ダイヤ街は東側のEast zone(イースト・ゾーン)、西側のWest zone(ウエスト・ゾーン)と、南側のSouth zone(サウス・ゾーン)で構成されており、T字状になっている。また、EastとWestの中間にDome(ドーム)があり、2本のゾーンをつなぐパイプ役をこなしている。

East zoneは東日本旅客鉄道(JR東日本)吉祥寺駅北口ロータリーから西北西に向かって武蔵通りまでの約80mの通り、West zoneは武蔵通りから吉祥寺通り(公園通り)までの約90mの通り、South zoneは途中のレンガ館モール前から分岐し南南西方向に向かって平和通りまでの約90mの通りである。
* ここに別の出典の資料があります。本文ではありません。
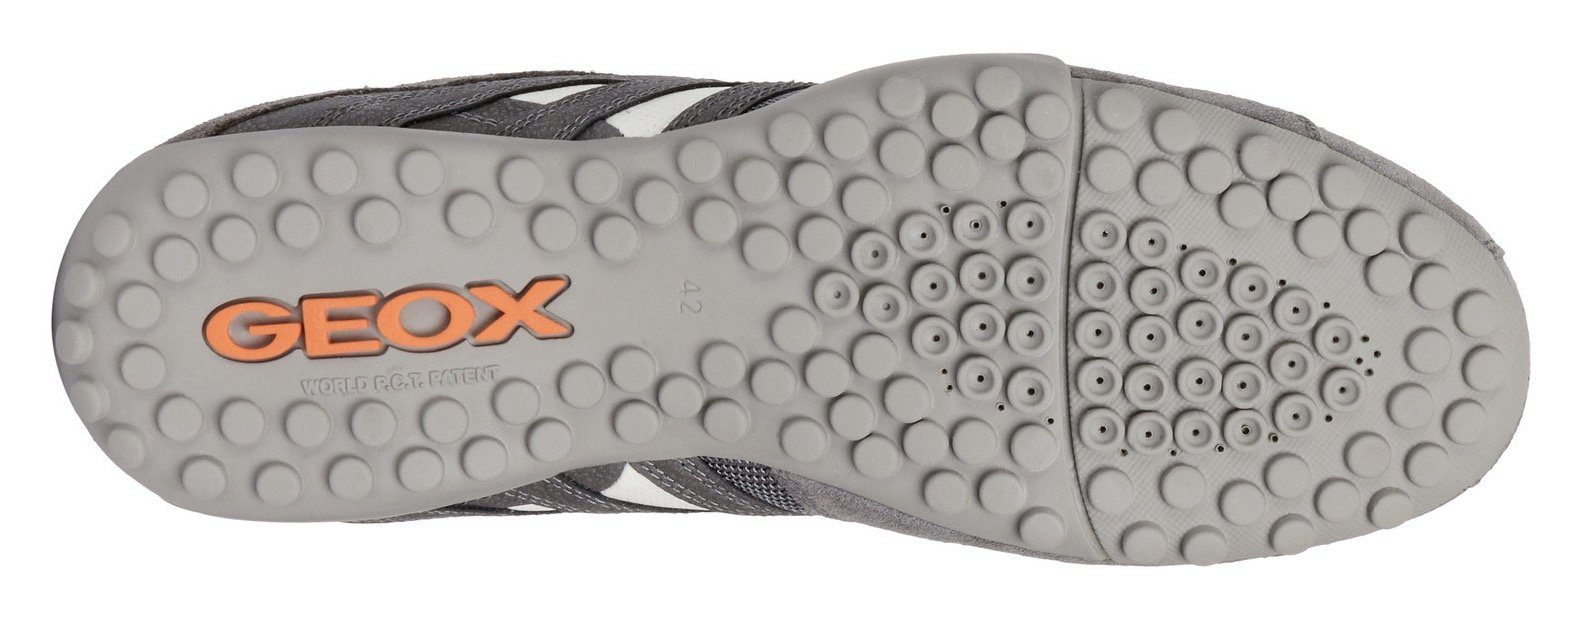 Materialmix mit Spezial Snake weiß, Geox im Membrane Geox Sneaker hellgrau, orange

短い区間で道が狭い割に人通りが多く、吉祥寺名物として知られる店が軒を連ねる。

West zoneを抜け、吉祥寺通りを渡ったところに東急百貨店吉祥寺店がある(旧称「東急チェリーナード」の由来にもなった)。そこから更に西北西方向に昭和通り商店街が続いており、俗に「東急裏」と呼ばれる吉祥寺西地区へのアクセス道路の役割も果たしている。
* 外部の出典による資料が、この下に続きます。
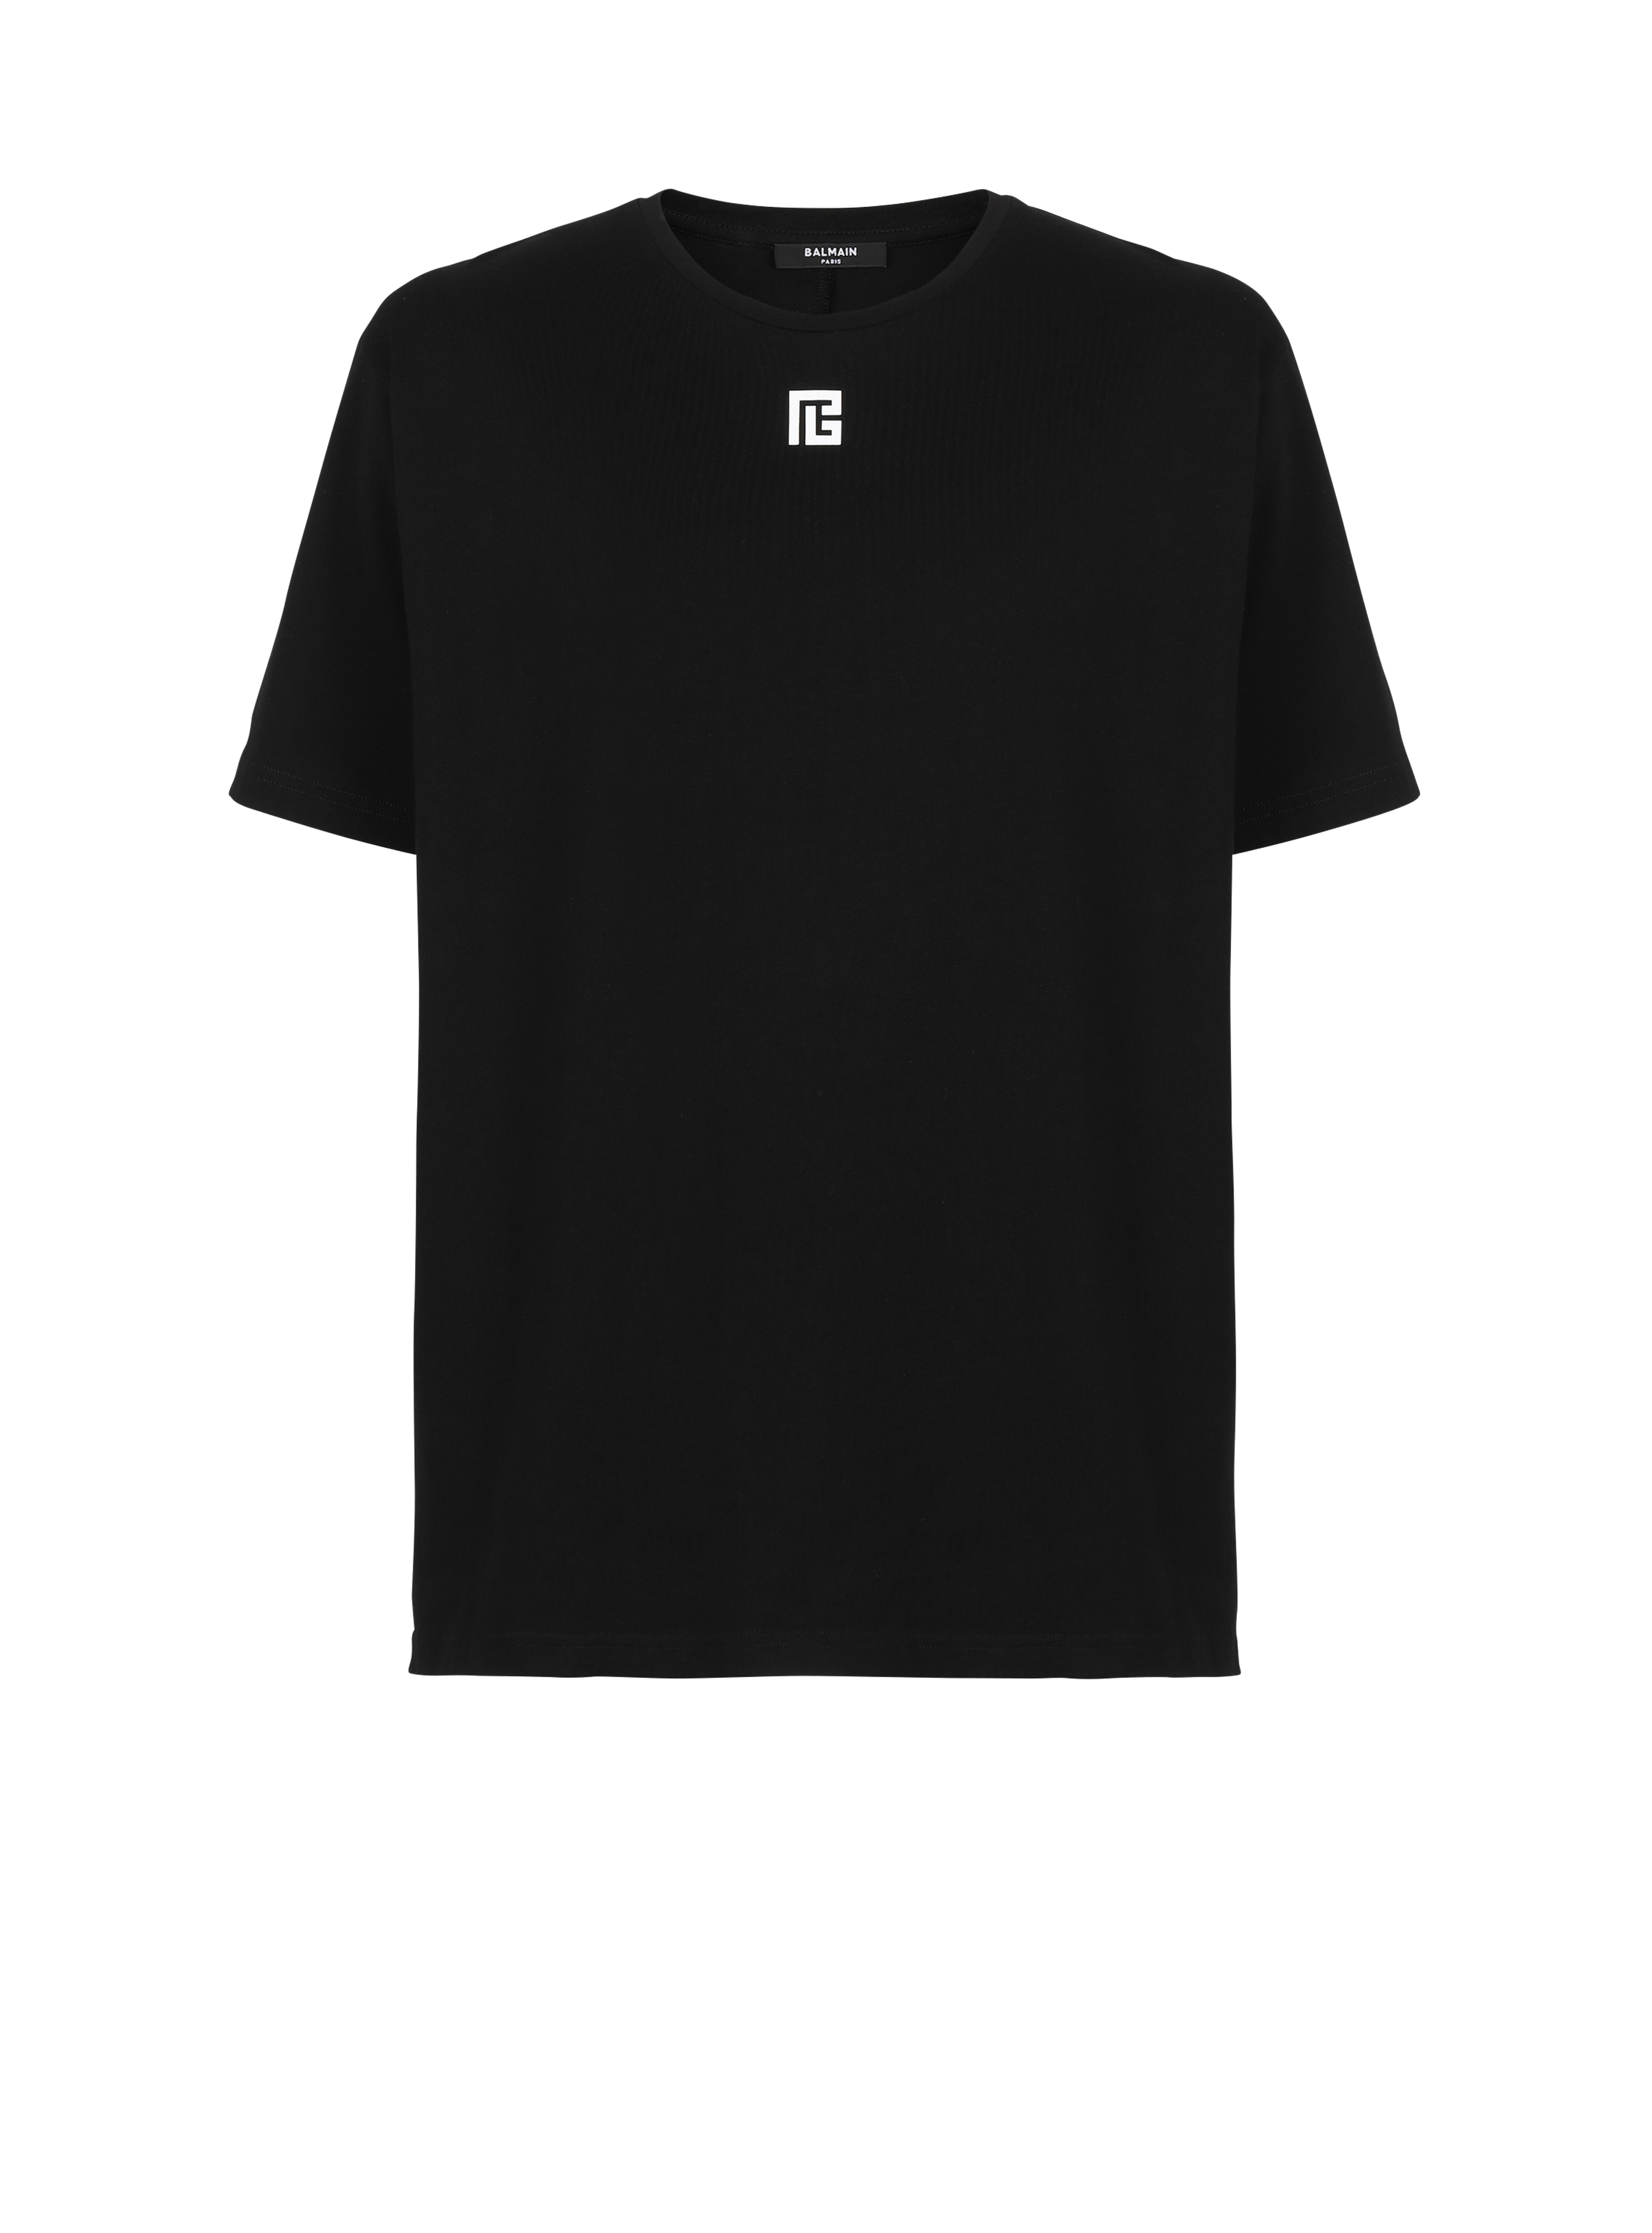 Oversized cotton T-shirt with maxi Balmain logo print, black

現在のロゴマークは、2009年のリニューアルに伴って制定されたもので、ダイヤ街の形状を表すT字型のデザインとなっている。

なお、ダイヤ街内には、計5か所にAEDが設置されている。

歴史[編集]

旧・東急チェリーナード
(吉祥寺駅前広場側・現East zone、2007年10月撮影)

1950年代初期、第二次世界大戦からの復興のさ中、国鉄吉祥寺駅北口に商店が次々開業。当時は大型商業施設がほとんどなく、小ぢんまりとした店舗がほとんどだった。そして1953年、吉祥寺地区では最初のアーケードとしてローズナード(現・South zone)が完成する。
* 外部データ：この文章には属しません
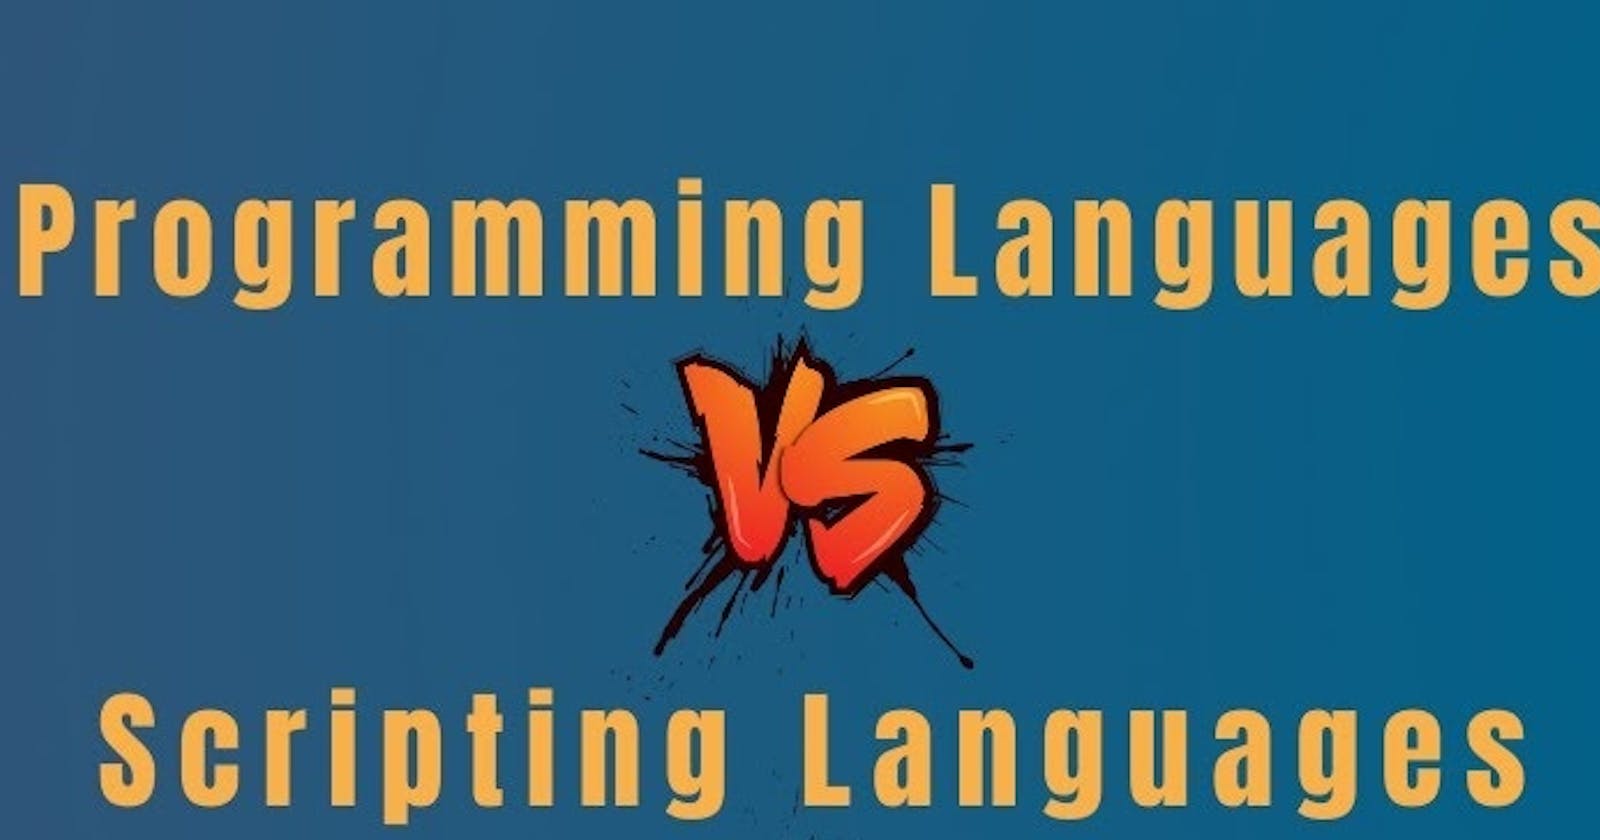 Scripting vs Programming Languages

そして1961年、吉祥寺駅北口商店街はダイヤ街商店街(仲町ダイヤ街)として再出発する。

その後、1970年代になると、当時の武蔵野市長後藤喜八郎の主導のもと、吉祥寺駅北口再開発事業の一環として、仲町ダイヤ街の部分に2本目のアーケード(現在のEast zoneとWest zone)が建設されることになる。1974年1月の起工式を経て、東急百貨店開店に合わせるかのように完成、名称も「ダイヤ街・東急チェリーナード」と命名され、この年の6月にオープンした。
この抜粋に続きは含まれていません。